To find the general solution to the differential equation $y''' + y' = 2t + 3$, we will go through the following steps:

Step 1: Solve the Homogeneous Equation

The corresponding homogeneous equation is: $y''' + y' = 0$ This can be simplified by rewriting it as: $D^3 y + D y = 0$ where $D$ represents the differential operator $\frac{d}{dt}$.

This can be factored as: $D y (D^2 + 1) y = 0$ which implies that either $D y = 0$ or $D^2 + 1 = 0$.

Case 1: $D y = 0$

If $D y = 0$, then $y' = 0$, so $y = C_1$, where $C_1$ is a constant.

Case 2: $D^2 + 1 = 0$

If $D^2 + 1 = 0$, then the characteristic equation is: $D^2 = -1$ which gives $D = \pm i$. This results in solutions of the form: $y = C_2 \cos(t) + C_3 \sin(t)$ where $C_2$ and $C_3$ are constants.

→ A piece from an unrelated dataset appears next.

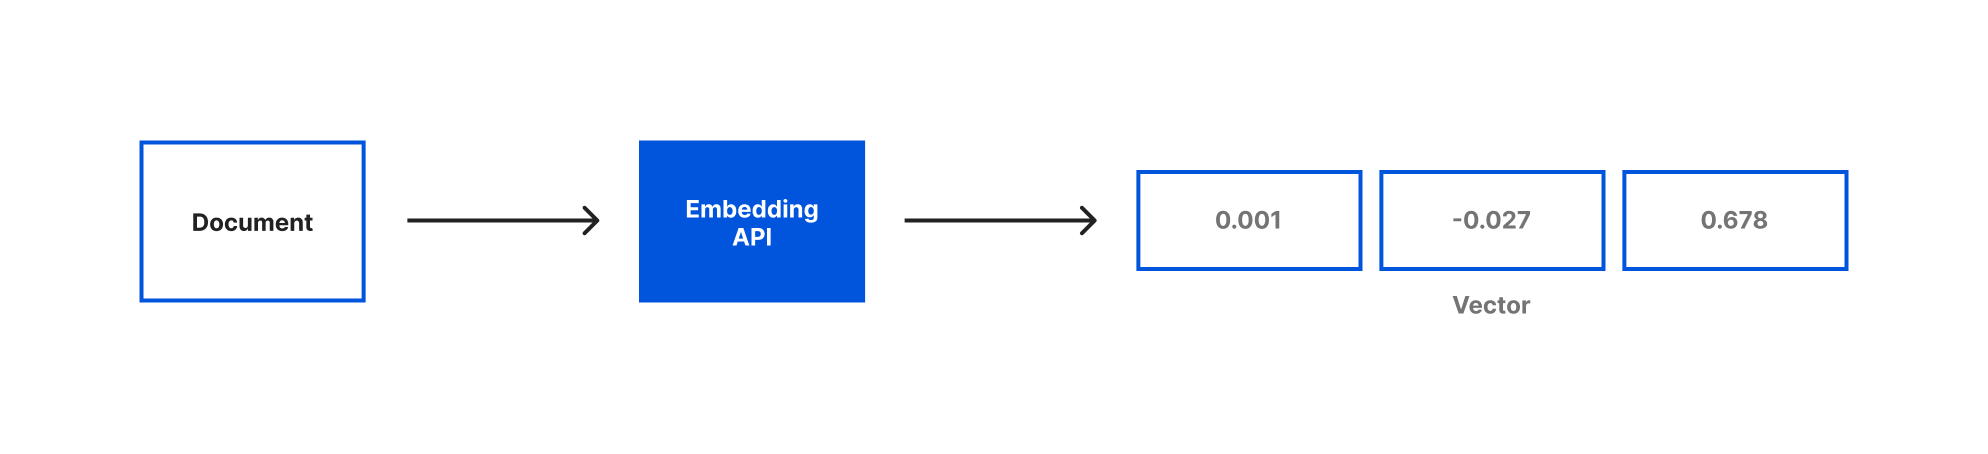 Embeddings - Documento à esquerda convertido em vetor com três dimensões à direita pela API de embeddings

Therefore, the general solution to the homogeneous equation is: $y_h = C_1 + C_2 \cos(t) + C_3 \sin(t)$

Step 2: Find a Particular Solution

Now we need to find a particular solution $y_p$ to the nonhomogeneous equation: $y''' + y' = 2t + 3$ Since the right-hand side is a polynomial $2t + 3$, we can try a particular solution of the form: $y_p = At + B$ where $A$ and $B$ are constants to be determined.

Compute $y_p'$ and $y_p'''$:

1. $y_p = At + B$
2. $y_p' = A$
3. $y_p''' = 0$

Substitute into the differential equation: $y''' + y' = 0 + A = 2t + 3$ This equation does not balance, so we need to try a higher degree polynomial. We’ll try: $y_p = At^2 + Bt + C$

Now, compute the derivatives:

1. $y_p' = 2At + B$
2. $y_p''' = 2A$

Substitute these into the differential equation: $y''' + y' = 2A + (2At + B) = 2t + 3$

Now, match coefficients:

• For the $t$ term: $2A = 2 \Rightarrow A = 1$
• For the constant term: $B + 2A = 3 \Rightarrow B + 2 = 3 \Rightarrow B = 1$

So, we have $A = 1$ and $B = 1$. We can choose any constant $C$, but it will not affect the particular solution since it corresponds to part of the homogeneous solution.

Thus, the particular solution is: $y_p = t^2 + t$

Step 3: Write the General Solution

The general solution to the differential equation is the sum of the homogeneous solution $y_h$ and the particular solution $y_p$: $y = y_h + y_p = C_1 + C_2 \cos(t) + C_3 \sin(t) + t^2 + t$

Final Answer:

$y = C_1 + C_2 \cos(t) + C_3 \sin(t) + t^2 + t$

Let me know if you would like further details or if you have any questions.

Additional Questions to Explore:

1. How would the solution change if the nonhomogeneous term was different, say $2t^2 + 3t$?
2. Can you explain why we tried a second-degree polynomial for the particular solution?
3. What is the significance of the terms in the homogeneous solution?
4. How would the solution method change if we had $y'' + y = 2t + 3$ instead?
5. Can we apply variation of parameters here, and would it yield the same result?

Tip:

When guessing a particular solution, always try a form similar to the nonhomogeneous term, adjusting the degree if necessary.